▸ AIM OF THE TASK
Without any pictures, retype exactly the lines that begin at the one holding "Nike Flyknit Racer" and end at the last line of the data below.
*** GIVEN MATERIAL Section Begins ***
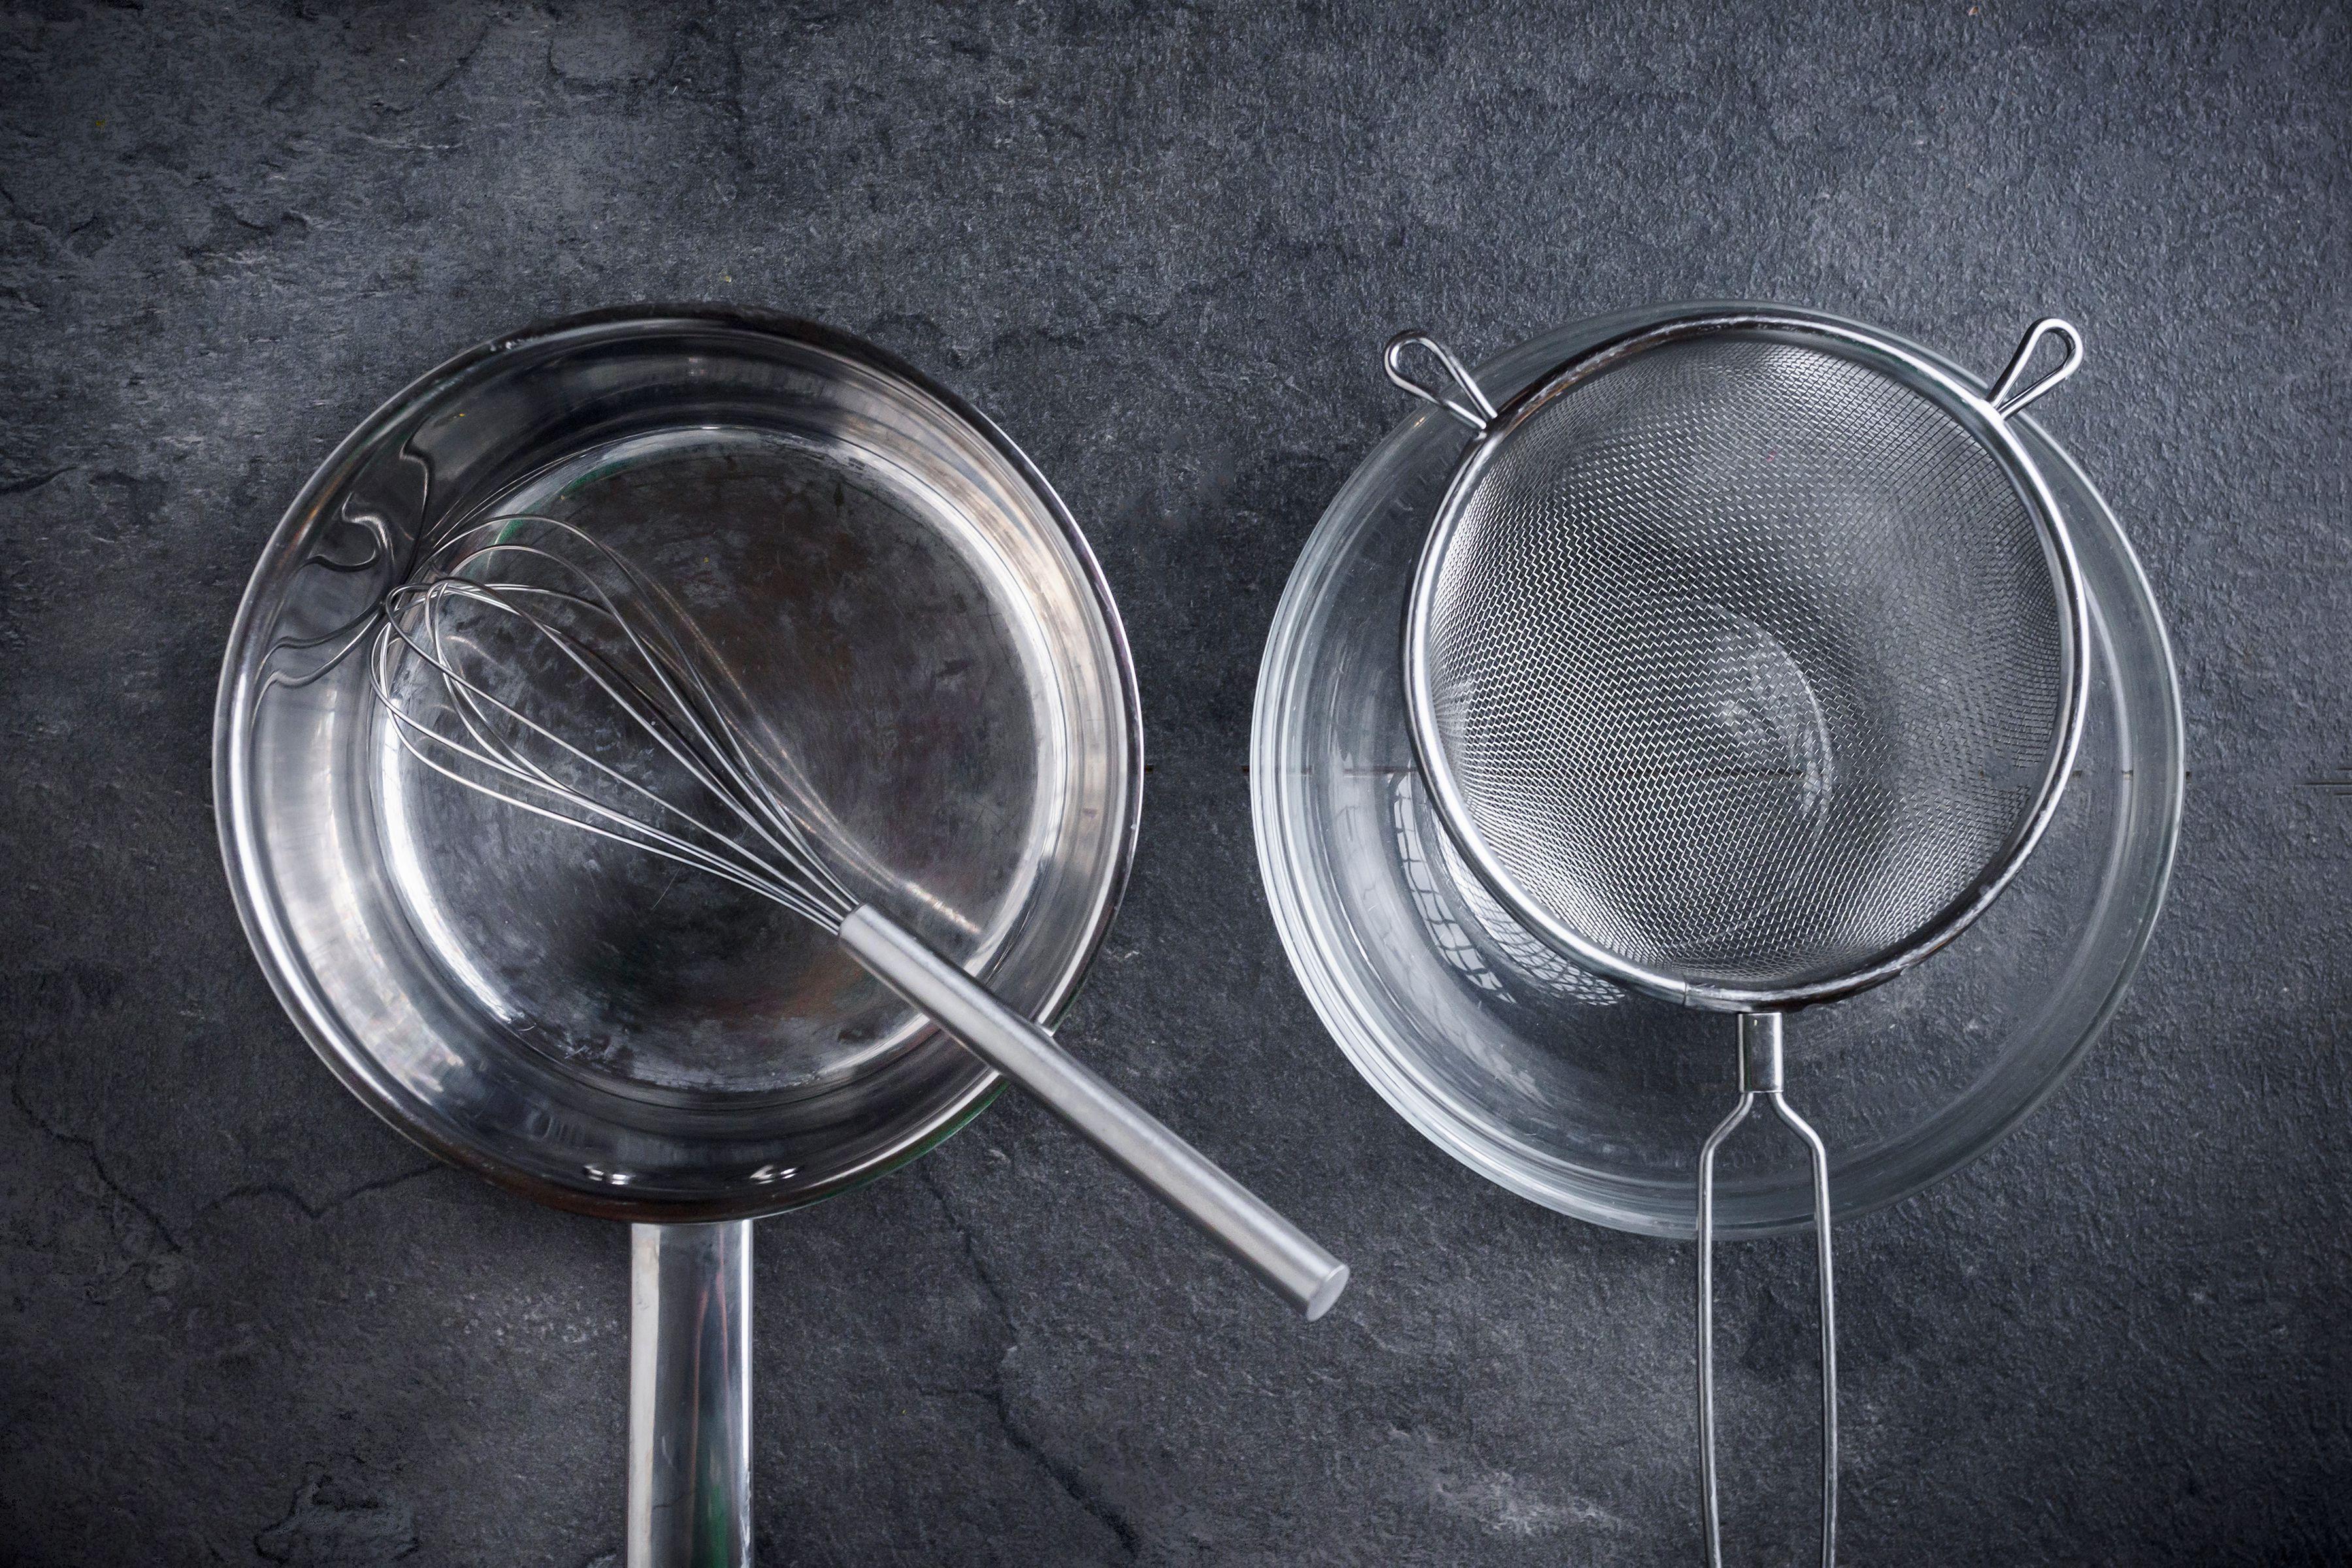 Saute pan, strainer, bowl
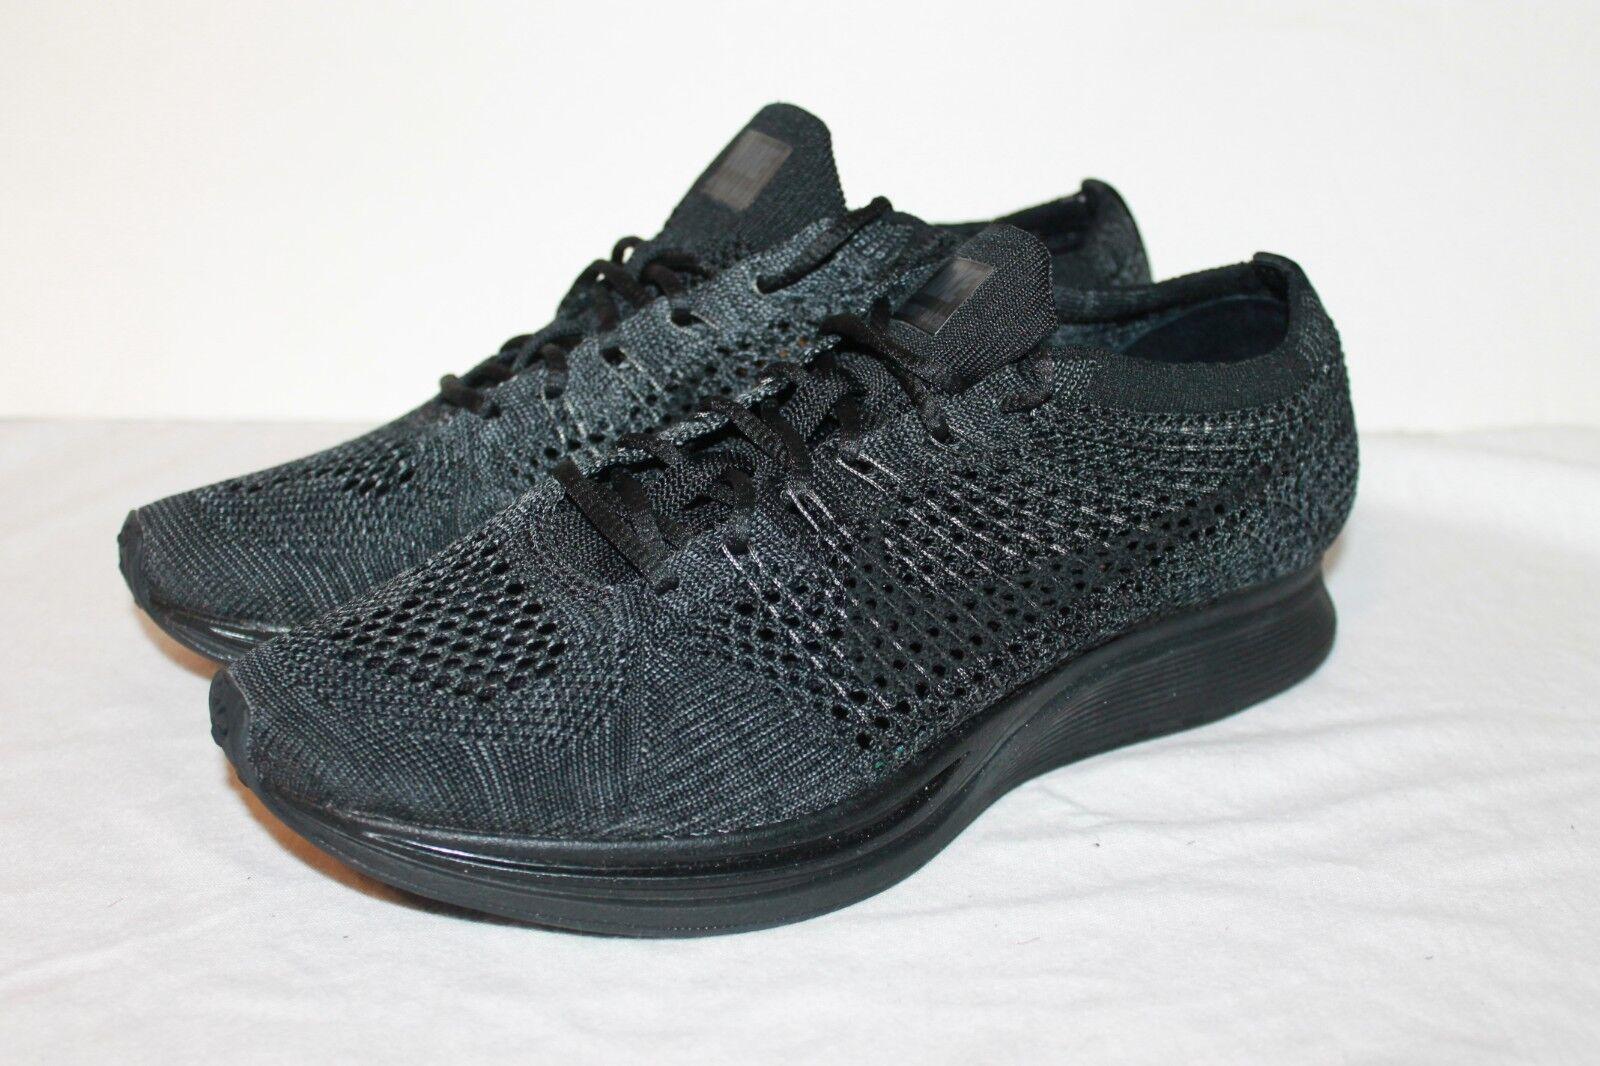 Nike Flyknit Racer Triple Black Anthracite 526628-009 US Size MEN 6.5 WOMEN 8
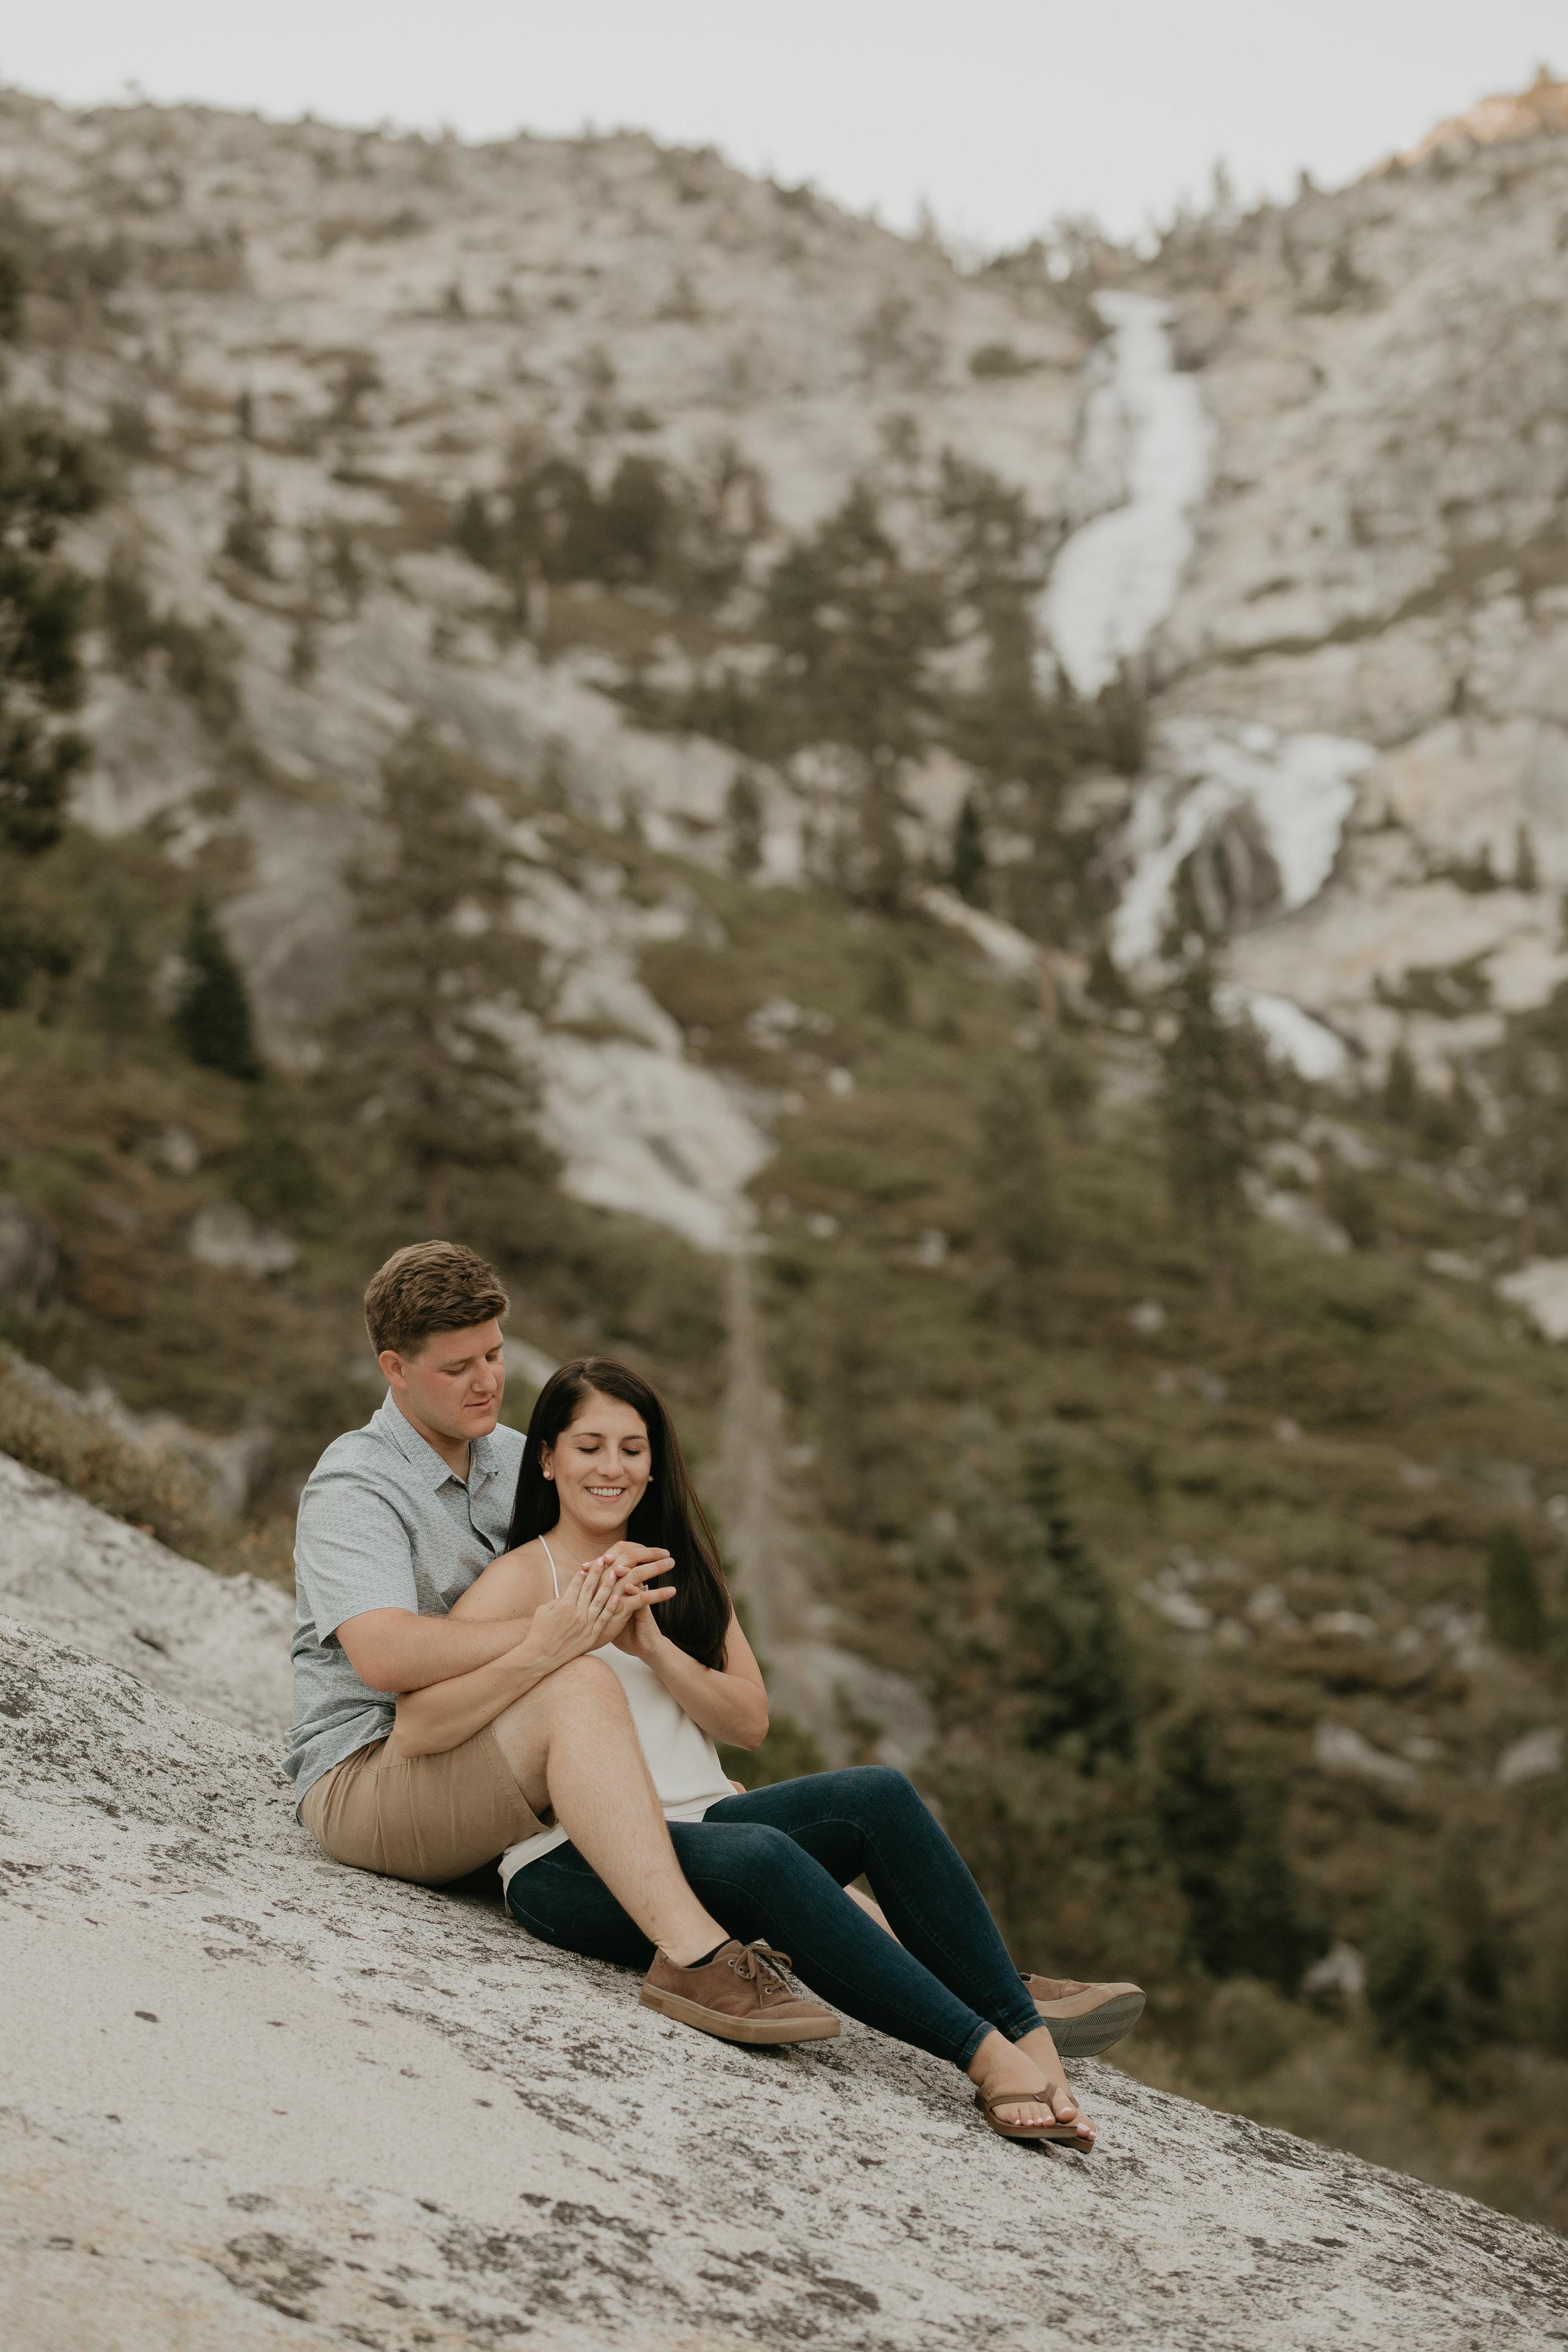 nicole-daacke-photography-fun-adventure-session-waterfall-lake-tahoe-sunset-destination-wedding-photographer-northern-california-elopement-photographer-4.jpg
*** GIVEN MATERIAL Section Ends ***
▸ OUTPUT OF THE TASK
 Nike Flyknit Racer Triple Black Anthracite 526628-009 US Size MEN 6.5 WOMEN 8
 nicole-daacke-photography-fun-adventure-session-waterfall-lake-tahoe-sunset-destination-wedding-photographer-northern-california-elopement-photographer-4.jpg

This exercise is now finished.